Your response should be the complete listing, copied exactly.

- DATA -
· · ·

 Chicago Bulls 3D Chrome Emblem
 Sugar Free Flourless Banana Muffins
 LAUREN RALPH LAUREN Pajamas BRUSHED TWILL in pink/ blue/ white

· · ·

- EXPECTED OUTPUT -
 Chicago Bulls 3D Chrome Emblem
 Sugar Free Flourless Banana Muffins
 LAUREN RALPH LAUREN Pajamas BRUSHED TWILL in pink/ blue/ white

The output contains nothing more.